## Entries shown

------

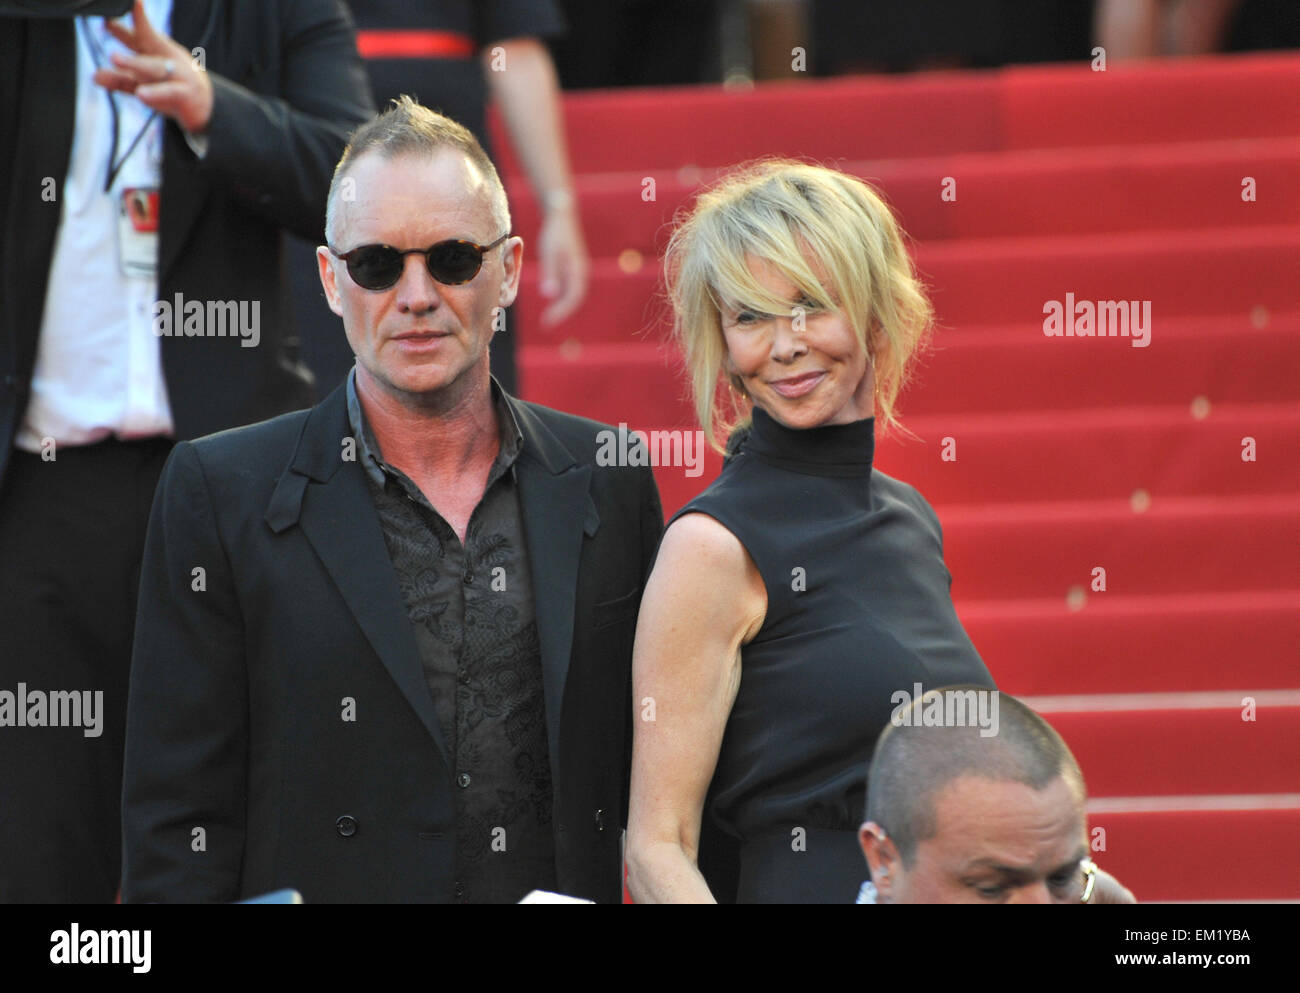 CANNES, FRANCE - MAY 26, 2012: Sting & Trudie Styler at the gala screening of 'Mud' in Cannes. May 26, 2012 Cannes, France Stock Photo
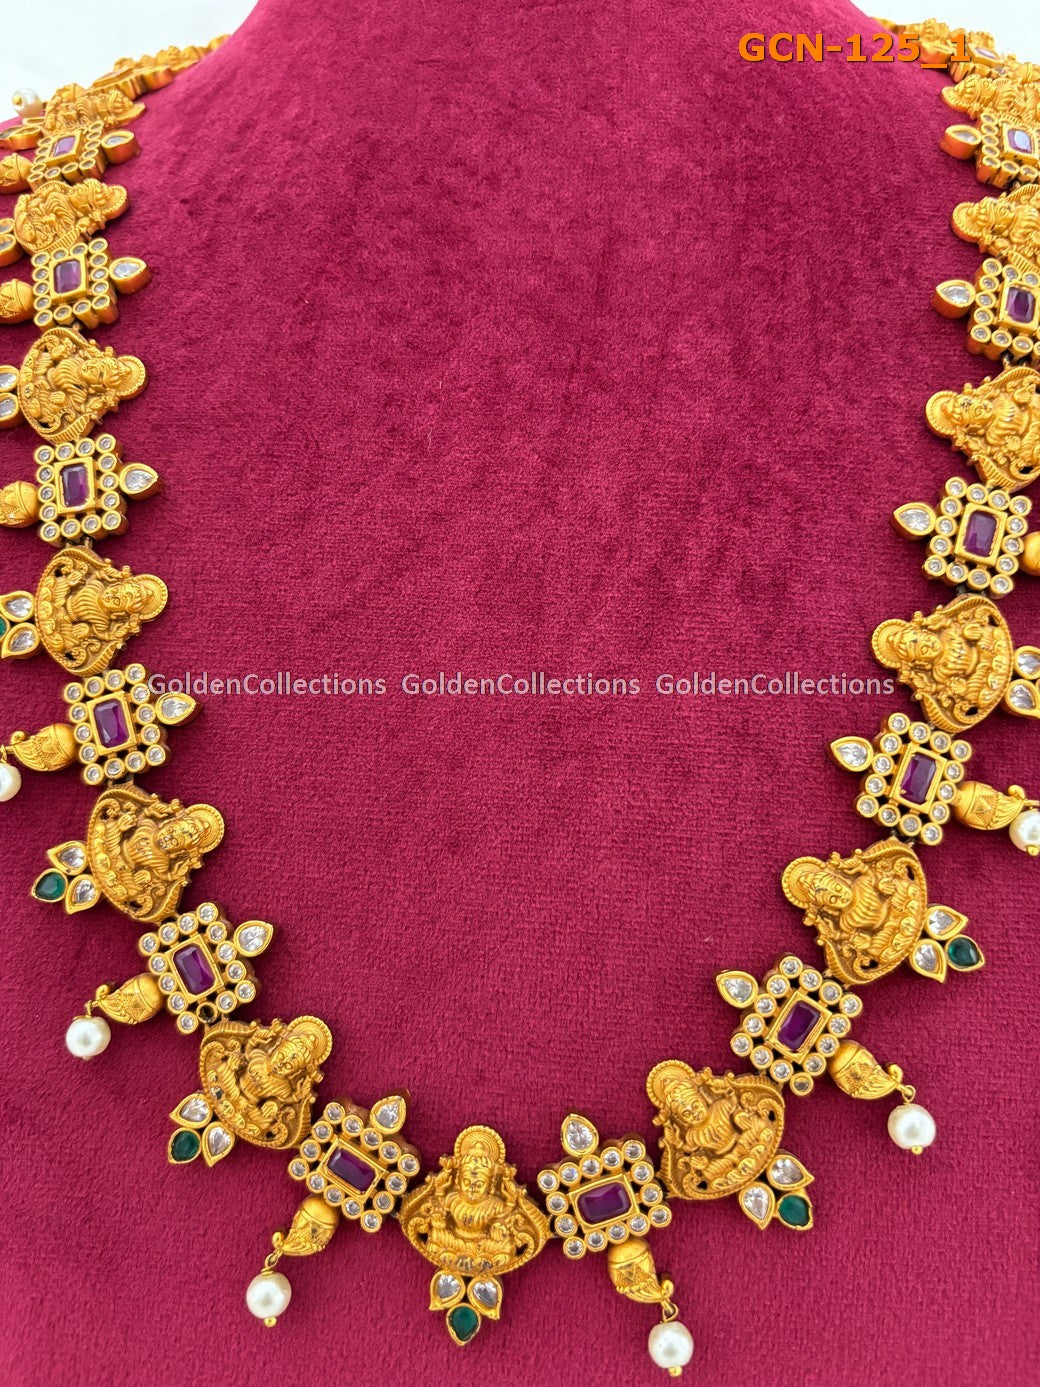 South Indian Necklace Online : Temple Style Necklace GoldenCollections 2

------

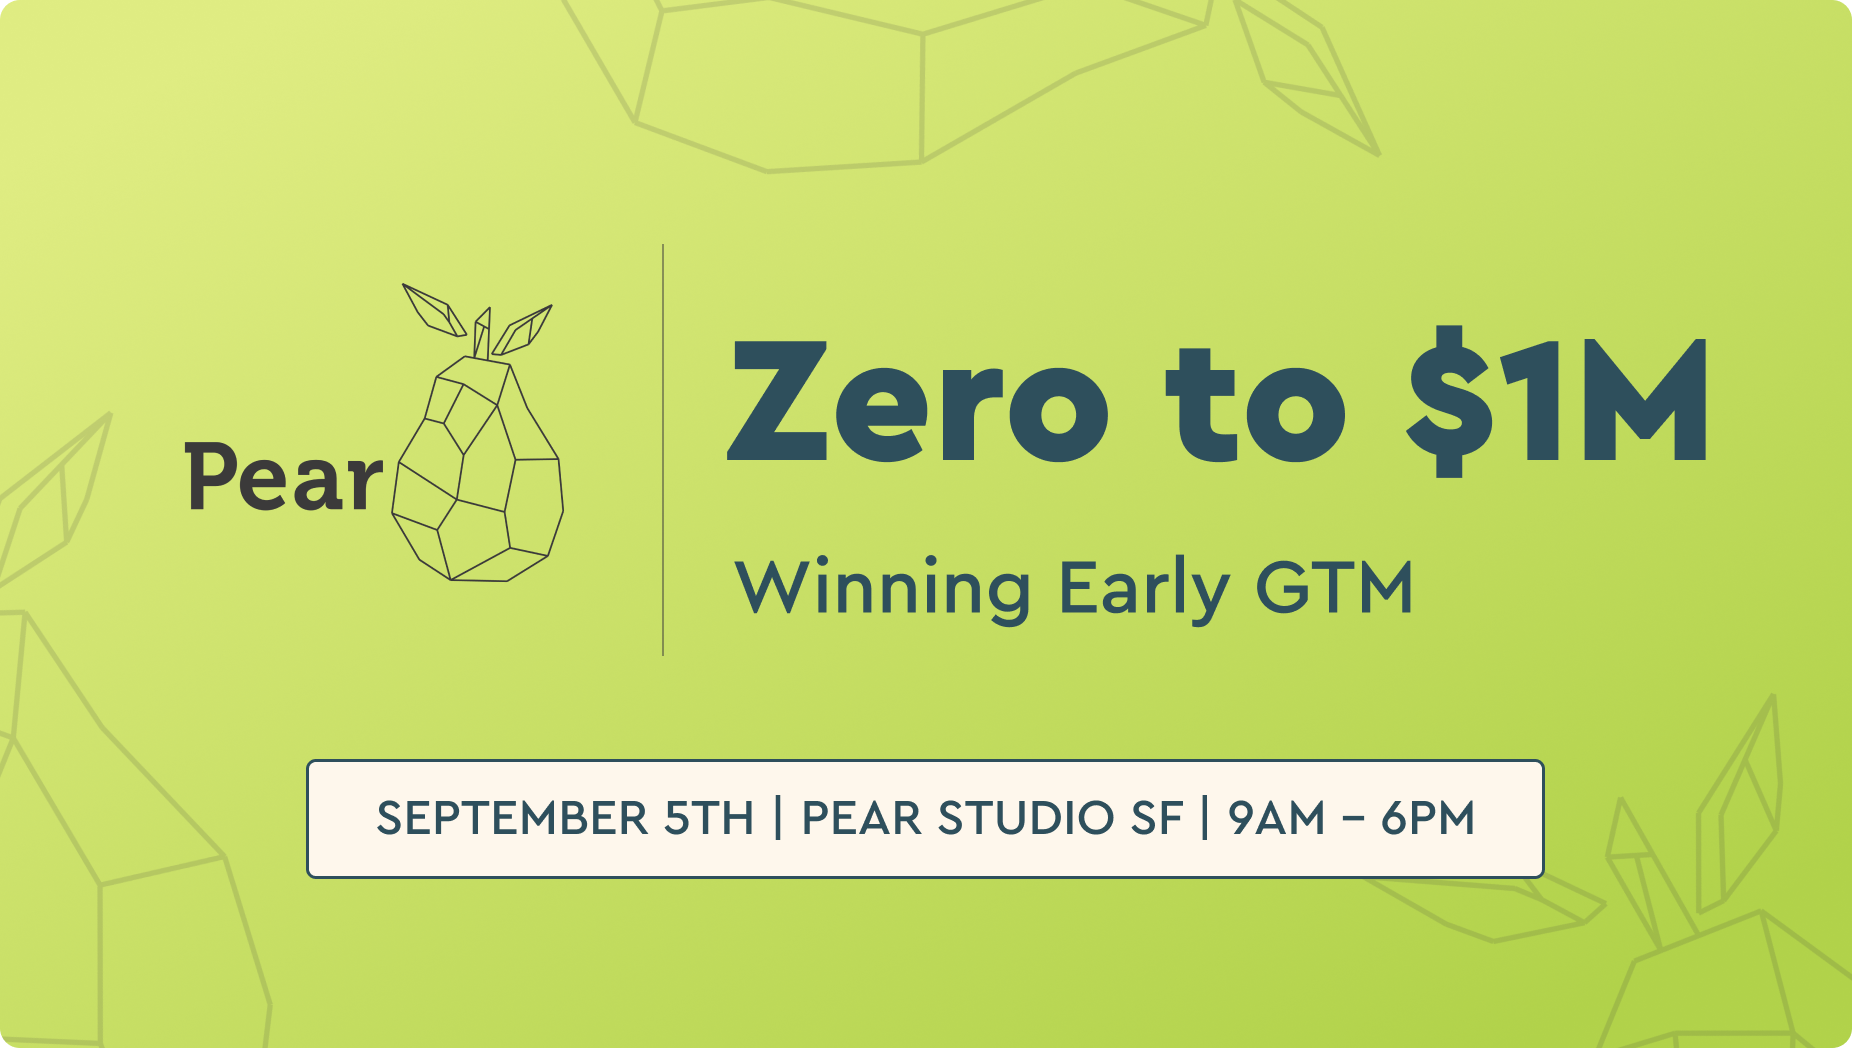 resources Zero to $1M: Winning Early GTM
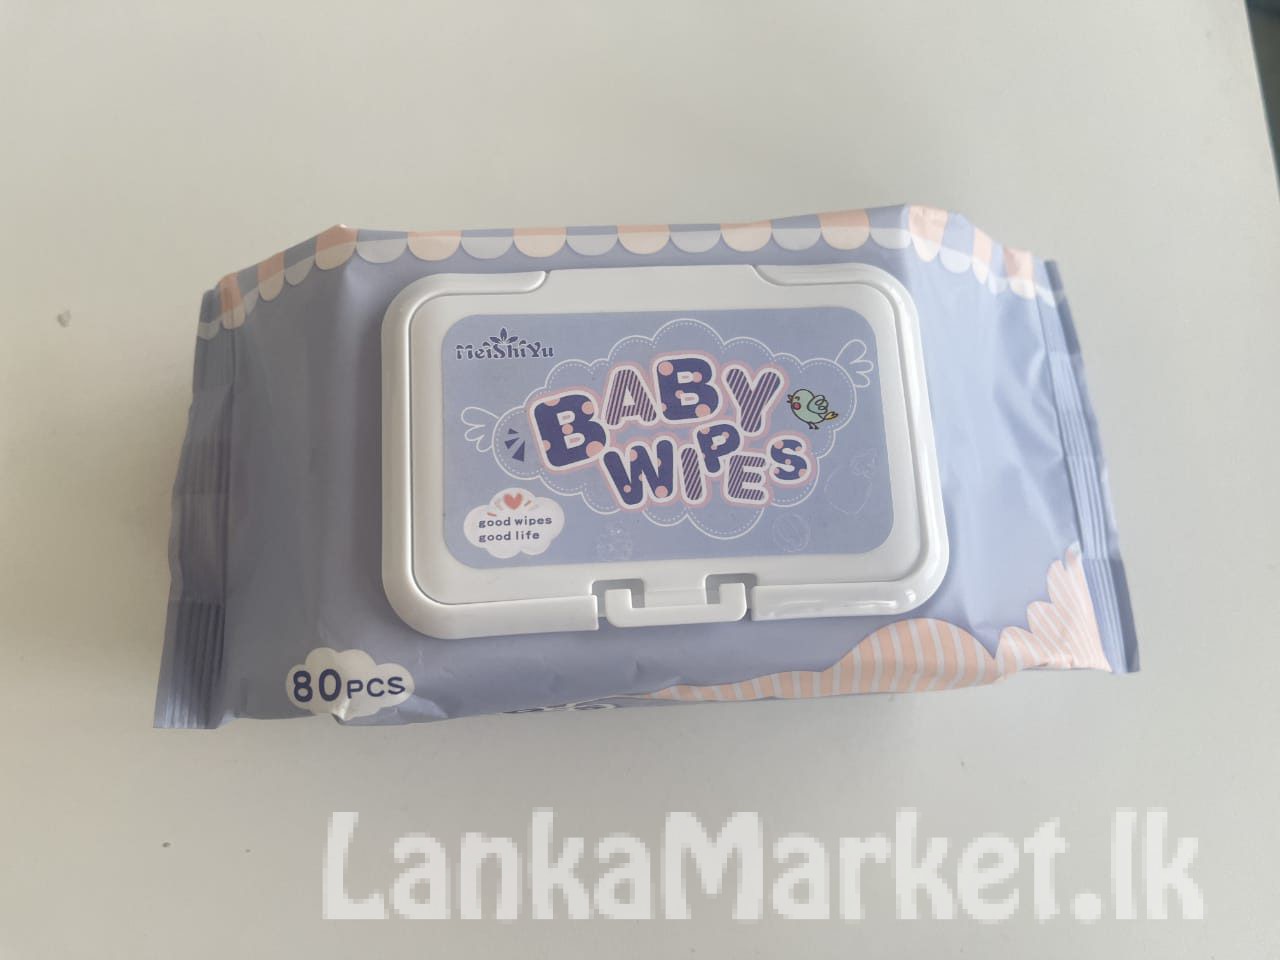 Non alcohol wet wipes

------

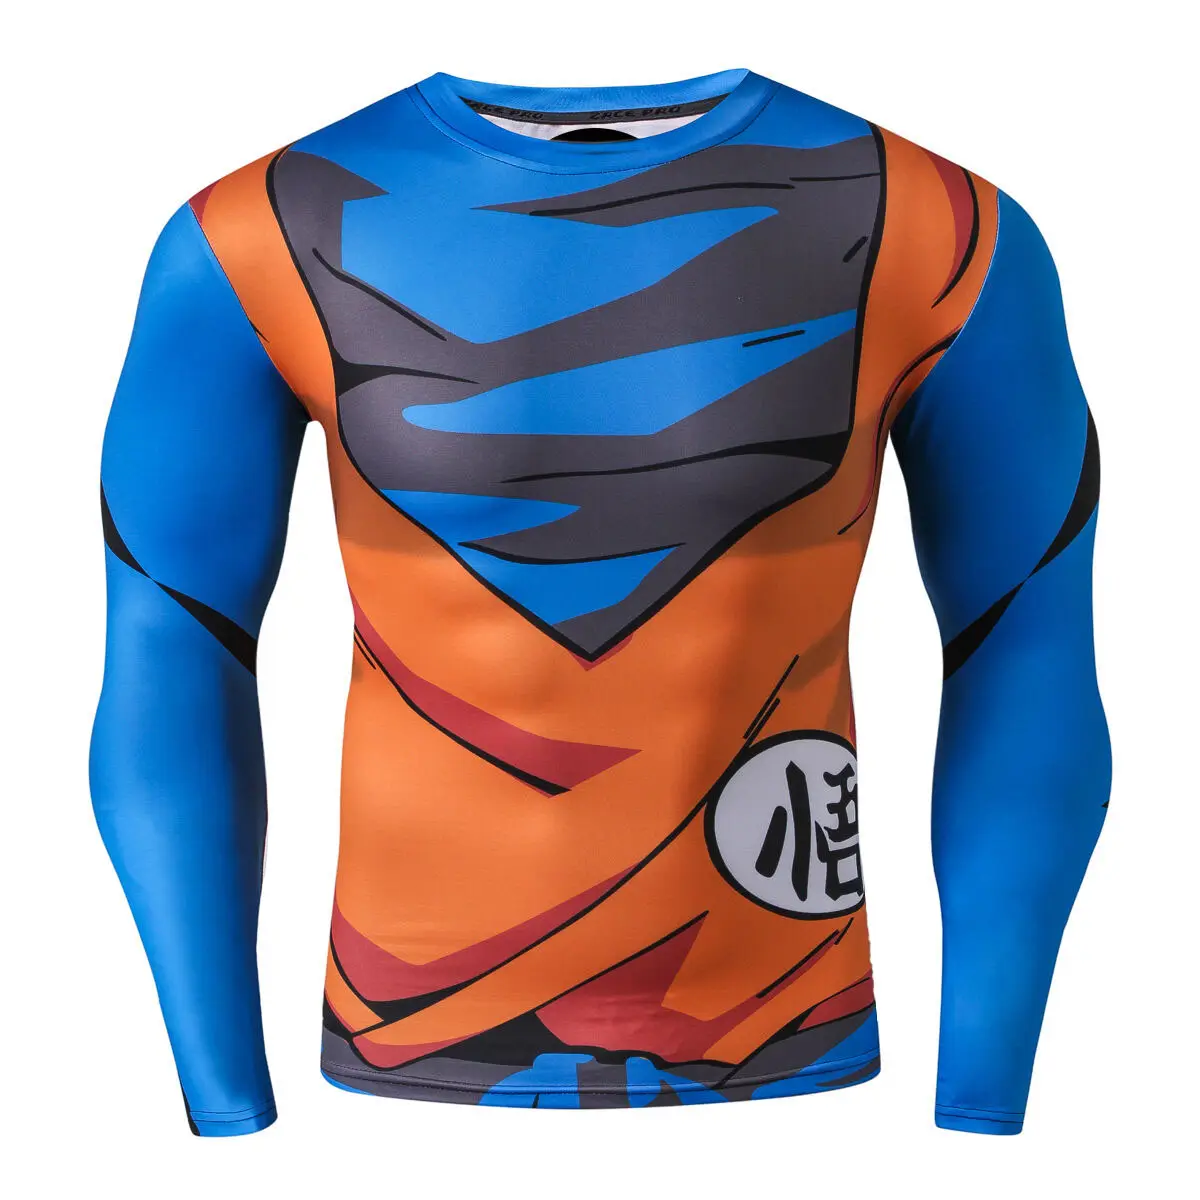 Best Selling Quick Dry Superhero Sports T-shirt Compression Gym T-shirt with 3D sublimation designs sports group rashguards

------

## Exercise details
Taking the entries above, extract every line from the one bearing "resources Zero to $1M: Winning Early GTM" through the one bearing "Non alcohol wet wipes", exactly, with no pictures.

## Your response
 resources Zero to $1M: Winning Early GTM
 Non alcohol wet wipes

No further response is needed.